Figure 3: Motif content shapes pioneer-factor activity.

Figure 3:

a, Venn diagram showing overlap between class I regions for Zld, Grh and Twi. b, Heatmap of ChIP-seq signal at class I sites that overlap between Zld, Grh, and Twi. Cobound indicates regions bound by all three factors. Not cobound indicates regions bound by any combination of two factors. Zld, Grh, and Twi ChIP-seq data were generated in this study. Remaining ChIP-seq datasets were previously published (see Supplementary table 2)4345. Heatmaps are ranked by mean ChIP intensity of Zld, Grh, and Twi. c-e, Heatmaps showing the percentage of regions containing a canonical Zld (c), Grh (d), or Twi motif (e). Logos plot of the canonical motif are shown alongside the heatmap. Percentages are shown for class I, II or III binding sites, or all wild-type ATAC-seq peaks as a control for the background motif frequency within regulatory elements. f,h,j, Boxplots of the average number of motifs per peak in class I, II, or III regions for Zld (n=8,154 class I sites, 705 class II, and 344 class III) (f), Grh (n=10,207 class I sites, 2,810 class II, and 834 class III) (h), or Twi (n=13,200 class I sites, 4,733 class II, and 351 class III) (j). g,i,k, Boxplots of the average motif log-odds score for class I, II or III regions for Zld (n=1,791 class I sites with at least one motif, 208 class II, 156 class III) (g), Grh (n=3,637 class I sites with at least one motif, 1,767 class II, 717 class III) (i), or Twi (n=7,312 class I sites with at least one motif, 3,794 class II, 339 class III) (k). Motif scores were determined by comparing each identified motif instance to the canonical motif. For all boxplots, line shows the median, boxes extend from the 25th to the 75th percentile, and whiskers show 1.5 × the interquartile range. Outlier points beyond the range of the whiskers are shown individually.

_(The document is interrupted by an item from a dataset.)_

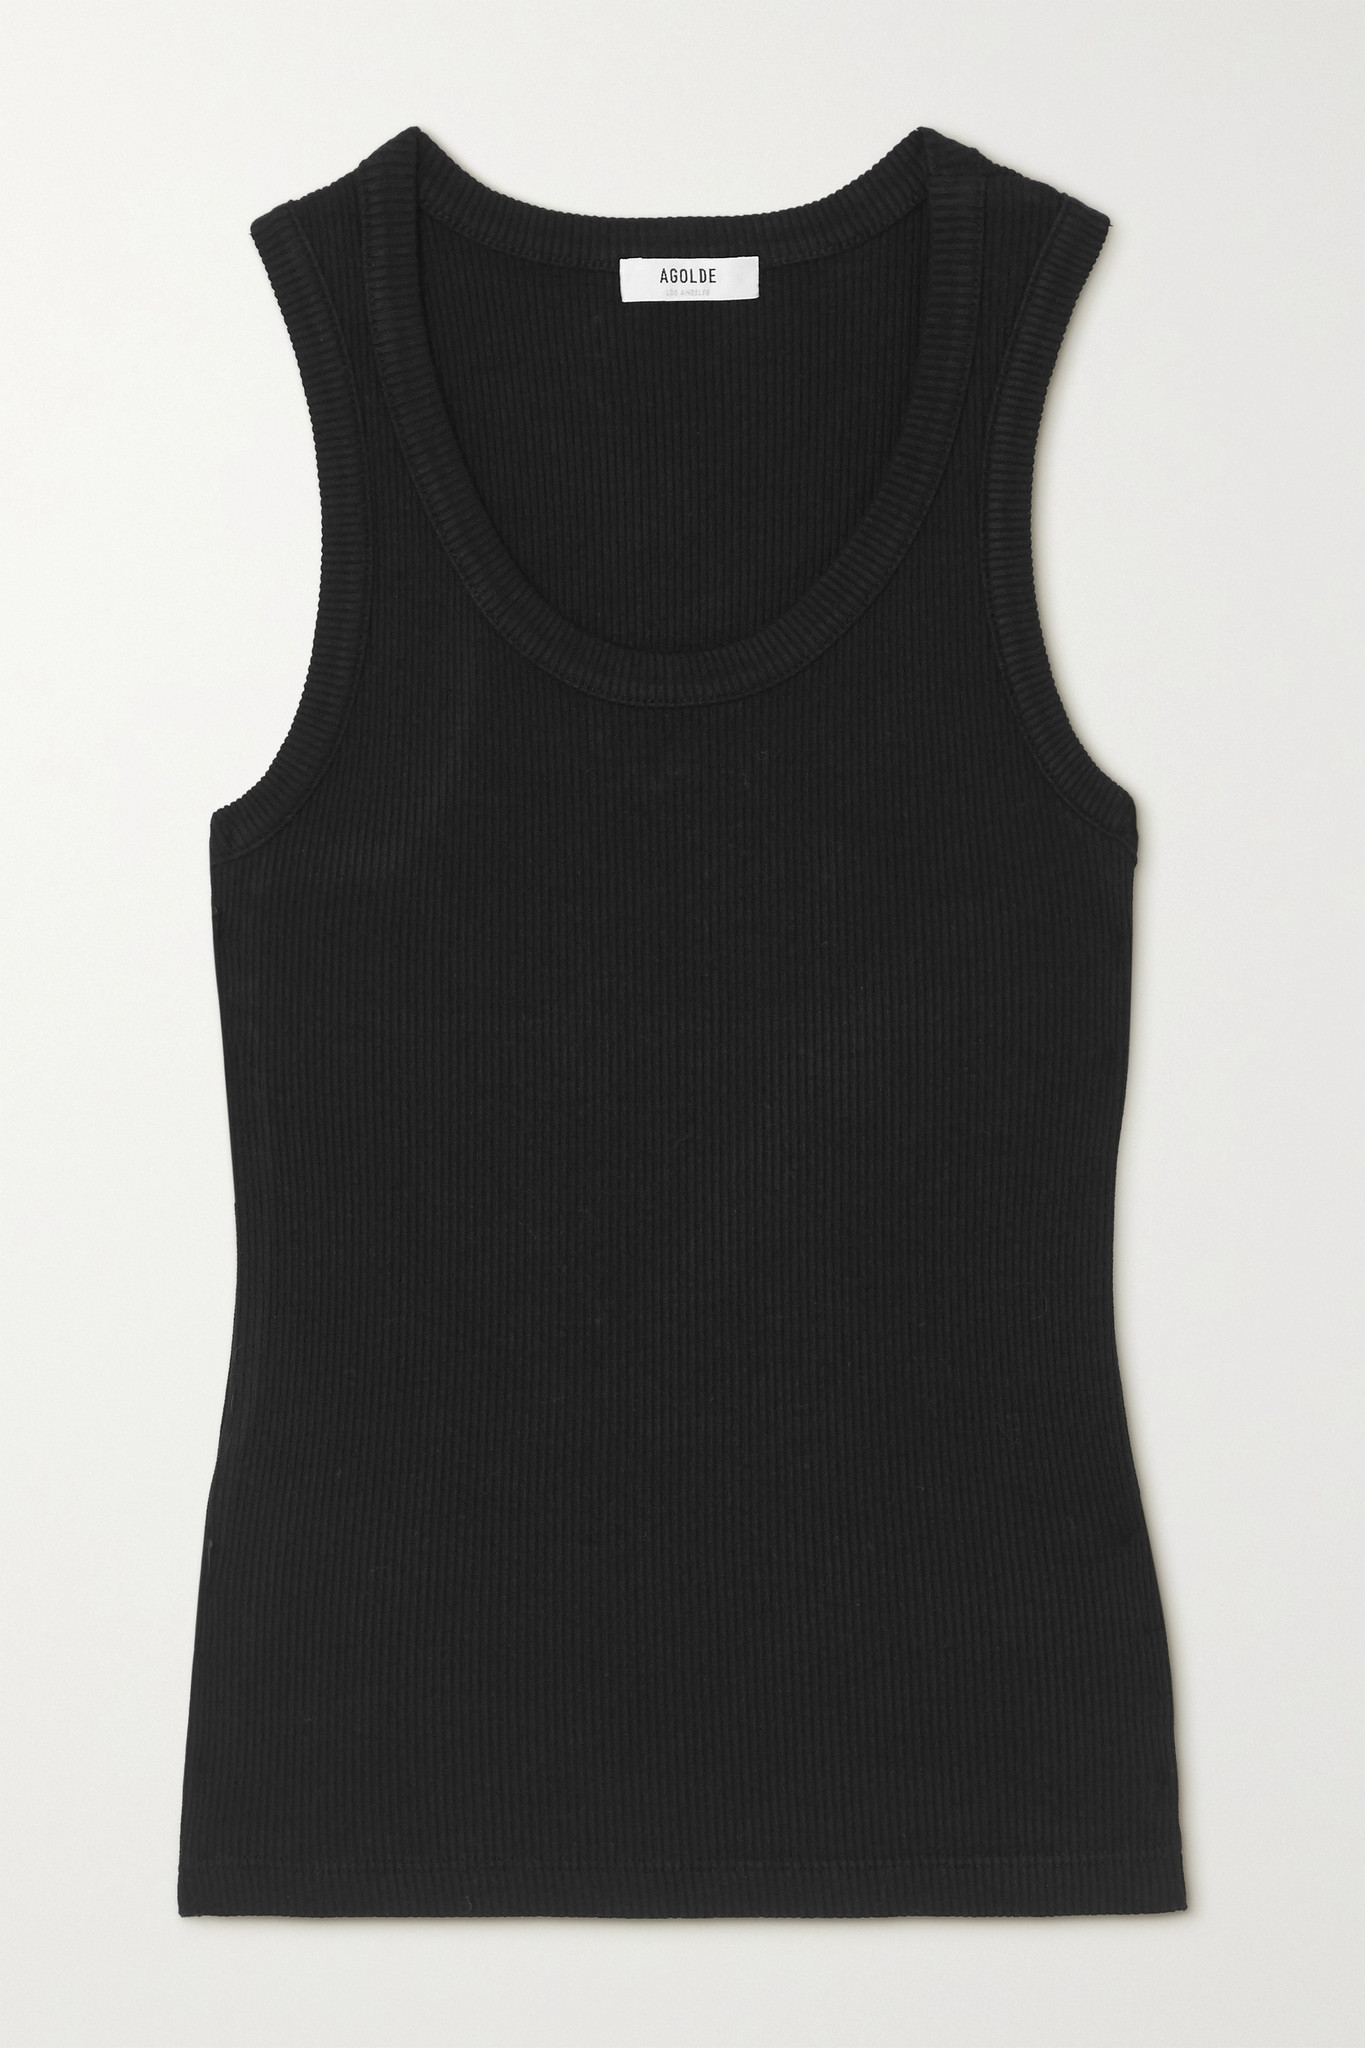 AGOLDE - Poppy 罗纹弹力有机棉质天丝混纺平纹布坦克背心 - 黑色 - x small

Considering the enrichment of marks of active chromatin at class I sites, we tested if there were any features of chromatin distinctive to class II or III regions. Analysis of published ChIP-seq data demonstrated that class II and III sites have low levels of many histone modifications, chromatin-associated proteins, and transcription factors (Extended Data Fig. 5a,c,e)4355. This supports the hypothesis that PFs preferentially bind naïve chromatin that is inaccessible and devoid of most histone modifications6. The ability of TF binding to promote chromatin accessibility at class III sites and not class II sites was not explained by a pre-existing lack of histones; the levels of H3 and H1 were higher at class III than at class II sites (Extended Data Fig. 5a,c,e). While most class III sites were regions of naïve chromatin, a subset were within regions marked with the repressive histone modification H3K27me3 (Extended Data Fig. 5b,d,f). In fact, H3K27me3 levels were higher in class III compared to class I or II regions (Extended Data Fig. 5a,c,e). Together these analyses suggest that Zld, Grh and Twi pioneer at regions within naïve or repressed chromatin, and that the inability of these factors to promote chromatin accessibility at class II regions is not due to a preexisting permissive chromatin state. Instead, our data are consistent with the model that nucleosomes may promote PF function, as has been reported for other PFs5658.

Chromatin opening by PFs is driven by motif content

To further determine the features that drive the different outcomes on chromatin accessibility at PF-bound regions, we analyzed enrichment of the canonical Zld, Grh or Twi motifs for each of the three bound classes. We calculated the percentage of class I, II or III peaks that contained an instance of the canonical motif for the respective factor (Fig. 3ce). When compared to all accessible regions, class I regions had low levels of enrichment for the canonical motifs, supporting our prior analysis suggesting that binding to these regions is nonspecific. By contrast, class II and III sites were highly enriched for the canonical motifs (Fig. 3ce). Class III sites had the highest percentage of sites containing a canonical motif. We hypothesized that differences in motif content could explain why binding to class II regions does not result in chromatin opening. We therefore analyzed the number of motifs per peak and motif strength (when scored against the canonical motif) for class I-III regions. For Grh and Twi, but not for Zld, class III sites had more motifs per peak than class II sites (Fig. 3f,h,j). For all three factors, class III sites tended to have stronger motifs than class II sites (Fig. 3g,i,k). These data suggest that more and stronger motifs at class III as compared to class II sites facilitates the ability of Zld, Grh, and Twi to open chromatin.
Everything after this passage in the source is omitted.